By 1999, Mentor top management finally decided once again to reach outside for a new PCB Division GM.
In March of 1999, Mentor hired Henry Potts as VP and GM of the PCB Division. Henry came to Mentor with an extensive resume of IC and Systems development management experience at Hitachi, Motorola, VLSI Technology, Schlumberger and Texas Instruments.
Henry Potts joined Mentor Graphics in March of 1999 as Vice President and General Manager of the Systems Design Division.
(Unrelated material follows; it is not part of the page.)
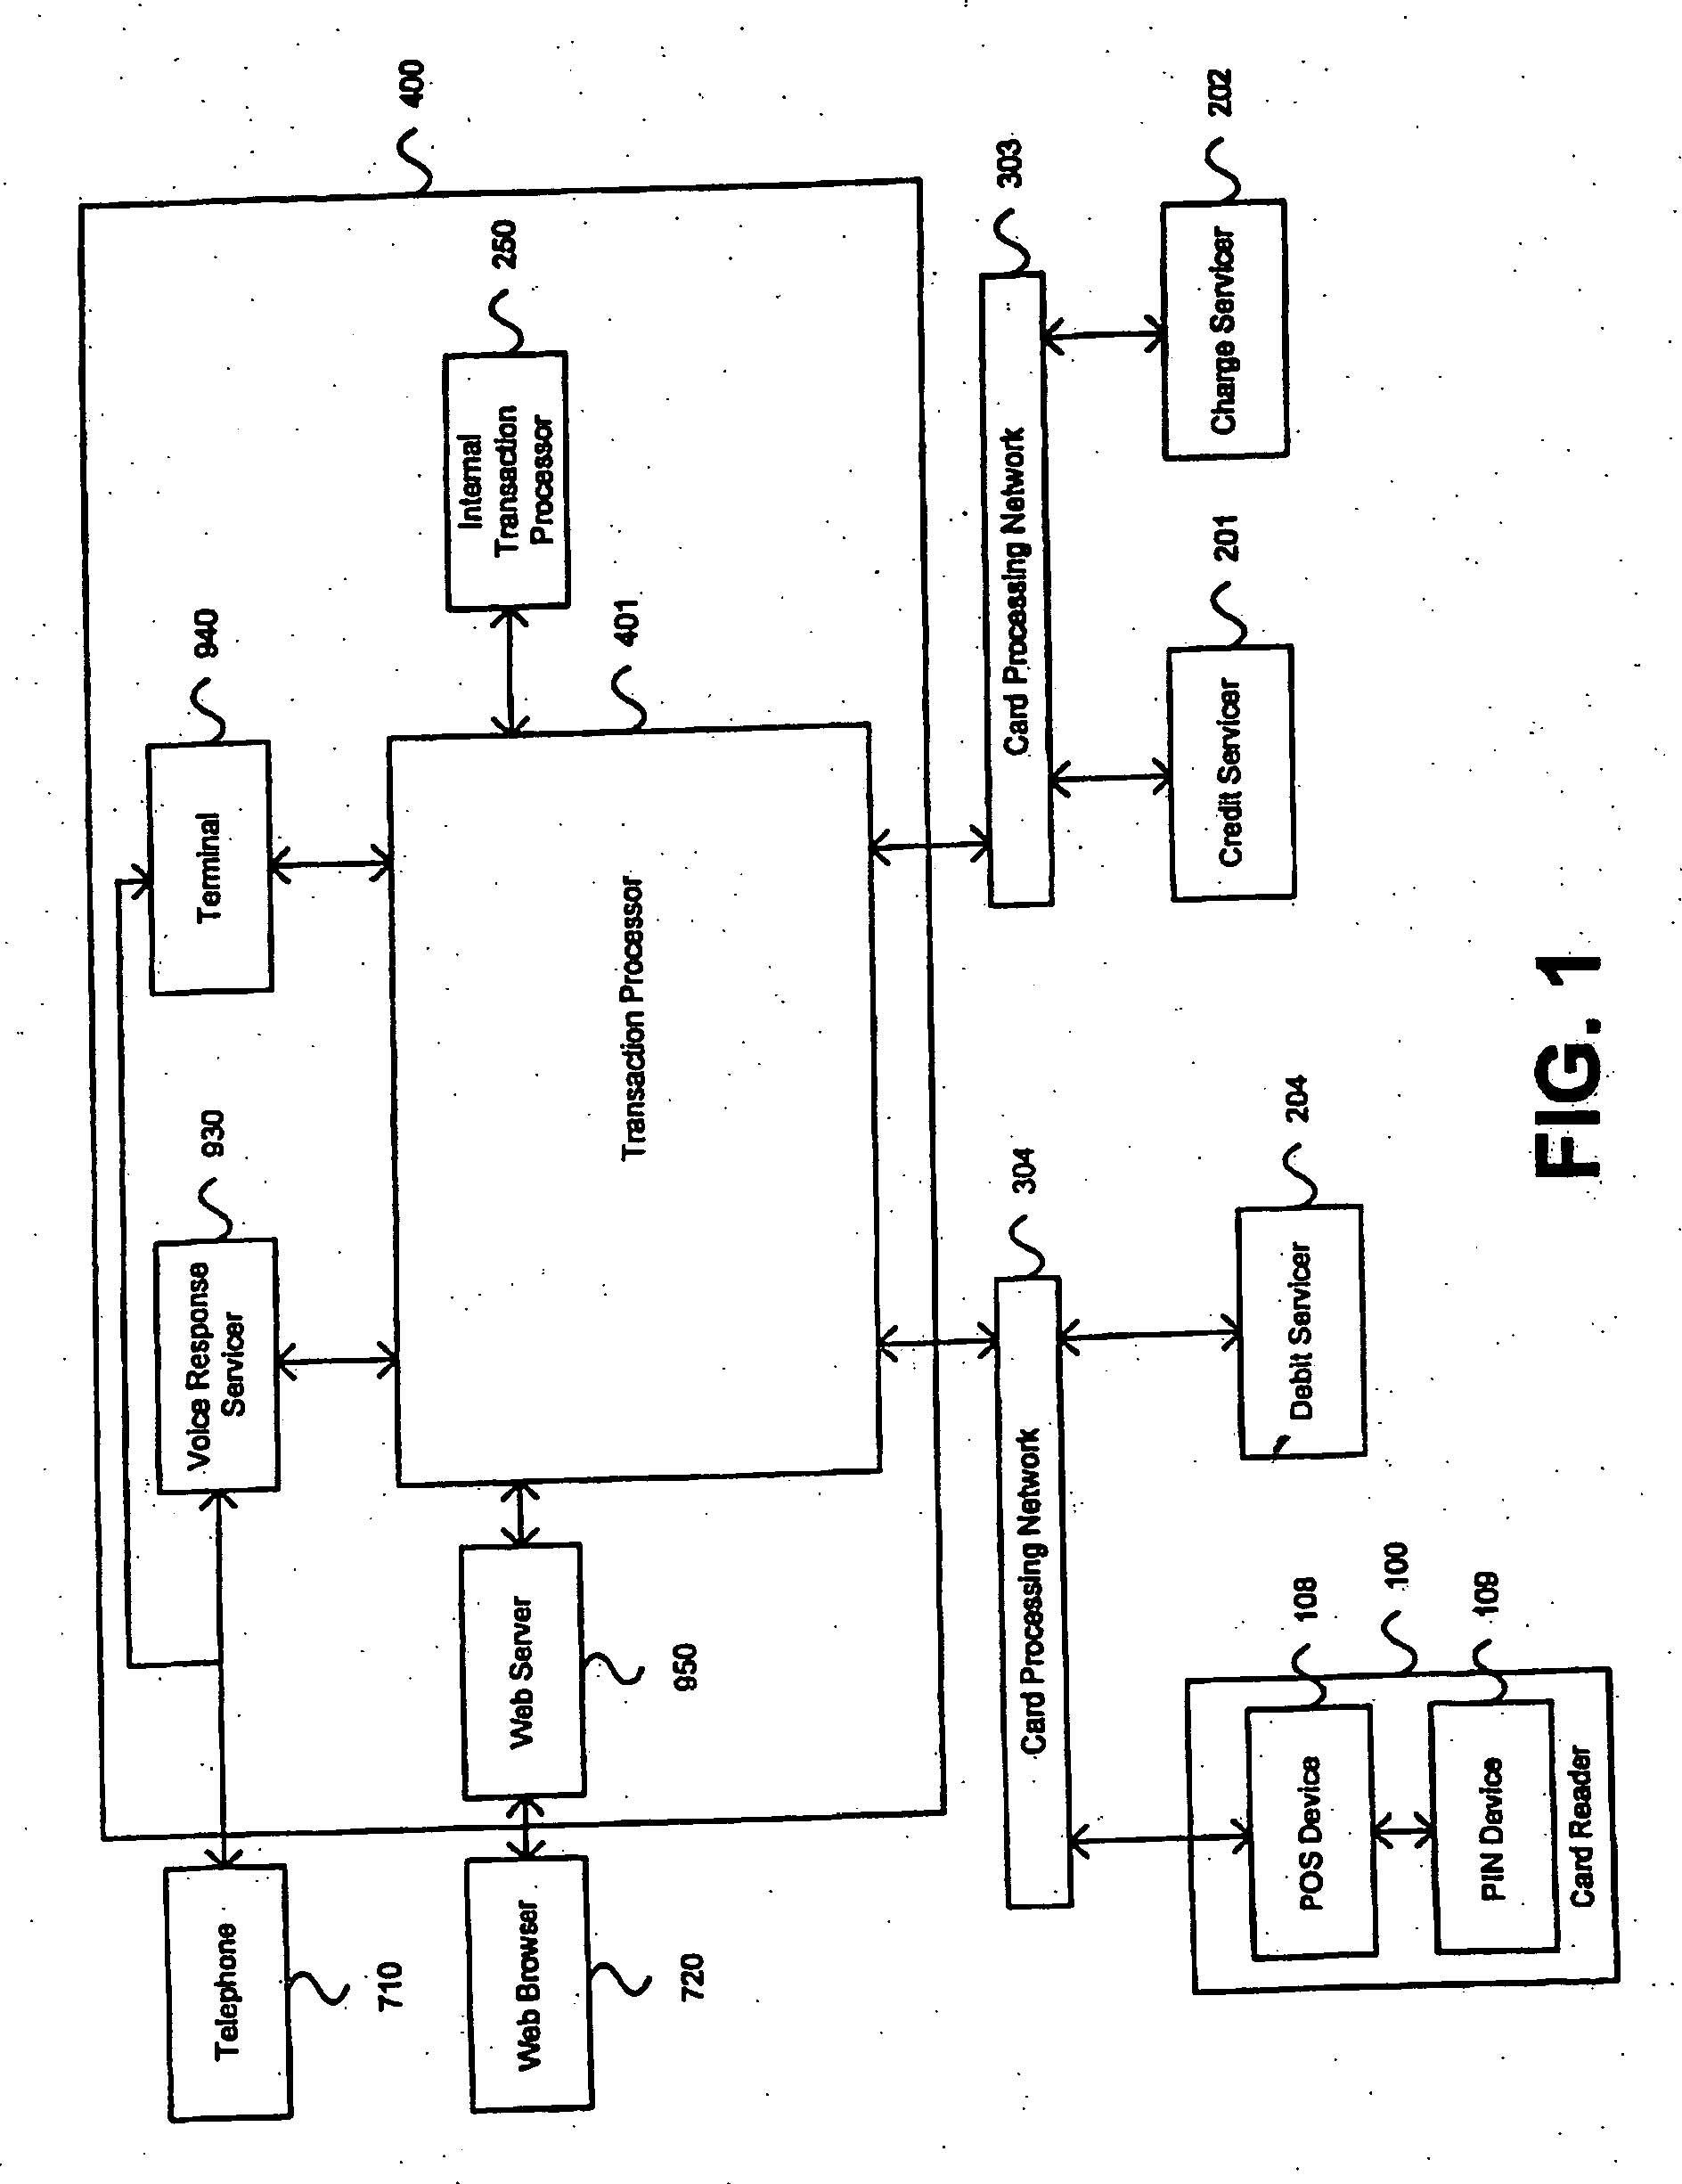 Multiple account preset parameter method, apparatus and systems for financial transactions and accounts
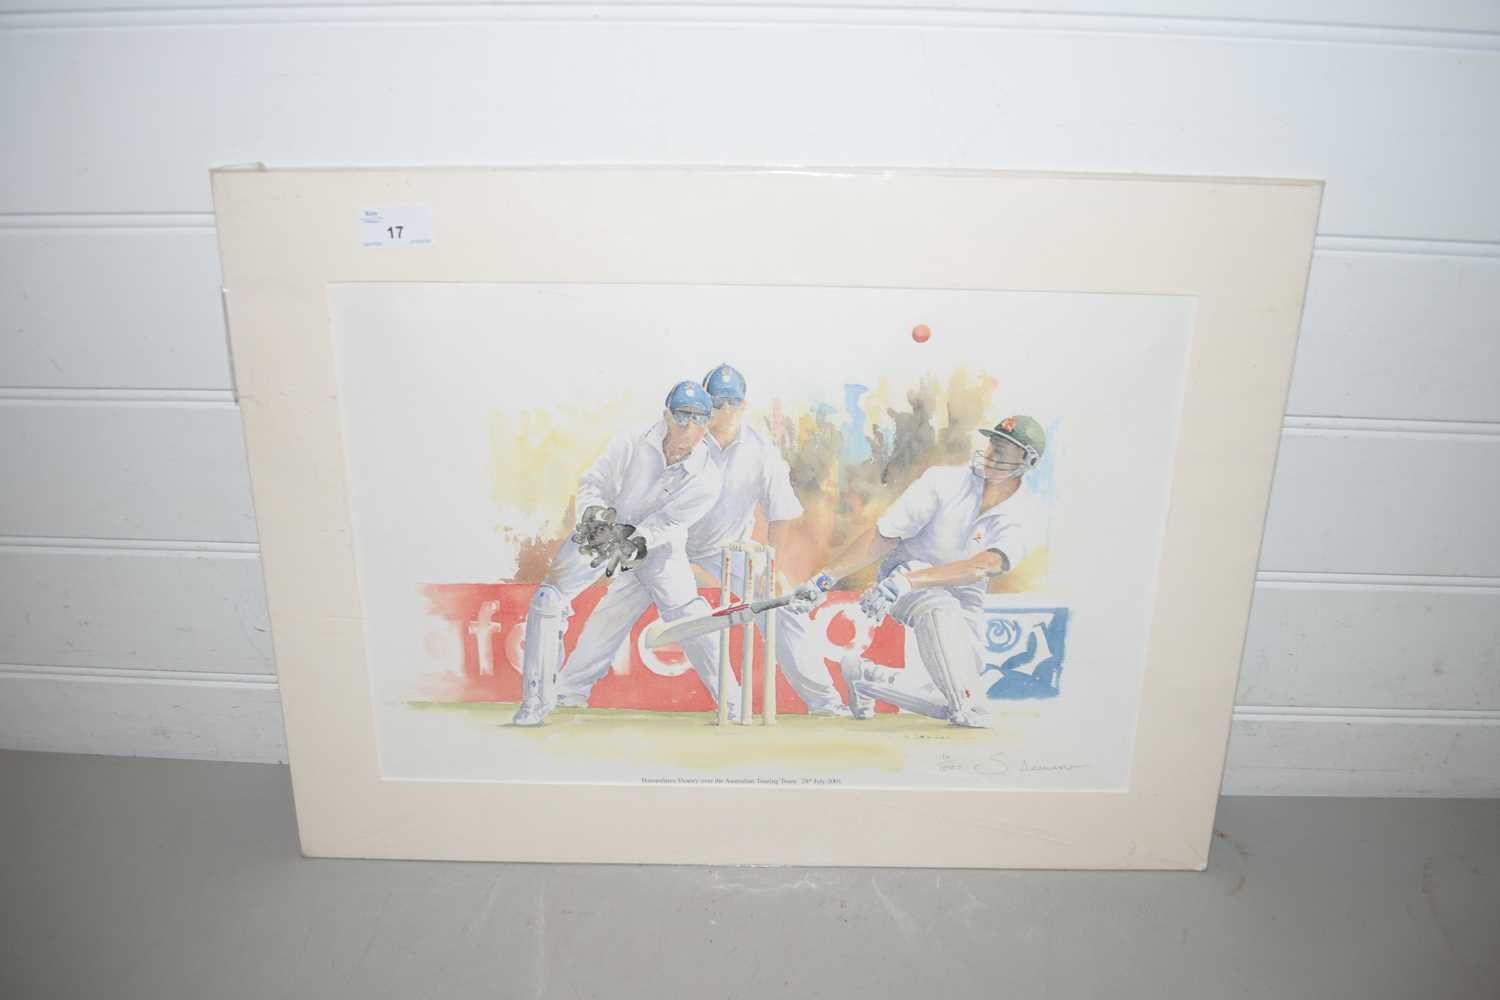 STEVE ARMON, 'HAMPSHIRE'S VICTORY OVER THE AUSTRALIAN TOURING TEAM', CRICKET MATCH DATED 28TH JULY

Potts brought more than 33 years of experience in the electronics industry to his role at Mentor Graphics, including experience in IC & Systems development to serving as President and CEO of a venture capital funded startup. He served as a Senior Vice President for Hitachi Semiconductor where he oversaw all marketing and product development activities for microprocessor and embedded products for the US markets. He had also held senior management positions at Motorola, VLSI Technology, Schlumberger and Texas Instruments. Potts has a BS degree in Electrical Engineering from University of Southwestern Louisiana.
Potts knew from his experience that there was far more to designing an electronic system than simply laying out the PCB grid. He also realized, perhaps ahead of his peers, that developing an advanced electronic product was a collaborative team effort. Not only does a customer design team need high levels of productivity and the ability to handle the most advanced technologies in the PCB design process, but also (as Potts theorized early on) that the customers would need to implement concurrency and co-design among the entire systems development parts: PCB, IC/Package, FPGA, MCAD, procurement and manufacturing. Note that these “C” terms: collaboration, co-design, concurrency ... were seldom found in the vocabularies of EDA executives at the Millennium.
Potts also patiently set about gradually persuading Mentor’s top management that offering PCB systems design software was a very good business to pursue and should not be treated as a “cash cow”, but rather that it should be and must be suitably supported with substantial R&D and strategic acquisitions. Bravo!
But first things first. As the new person in charge, Potts had inherited a PCB product line whose key component (the interactive and autorouting technology) was then owned by an arch rival. According to an article by Richard Goering of EE|Times dated November 2, 1999, Potts said at the time, “By not having the ability to offer one continuous flow, we were not able to satisfy all the requirements of our customers.”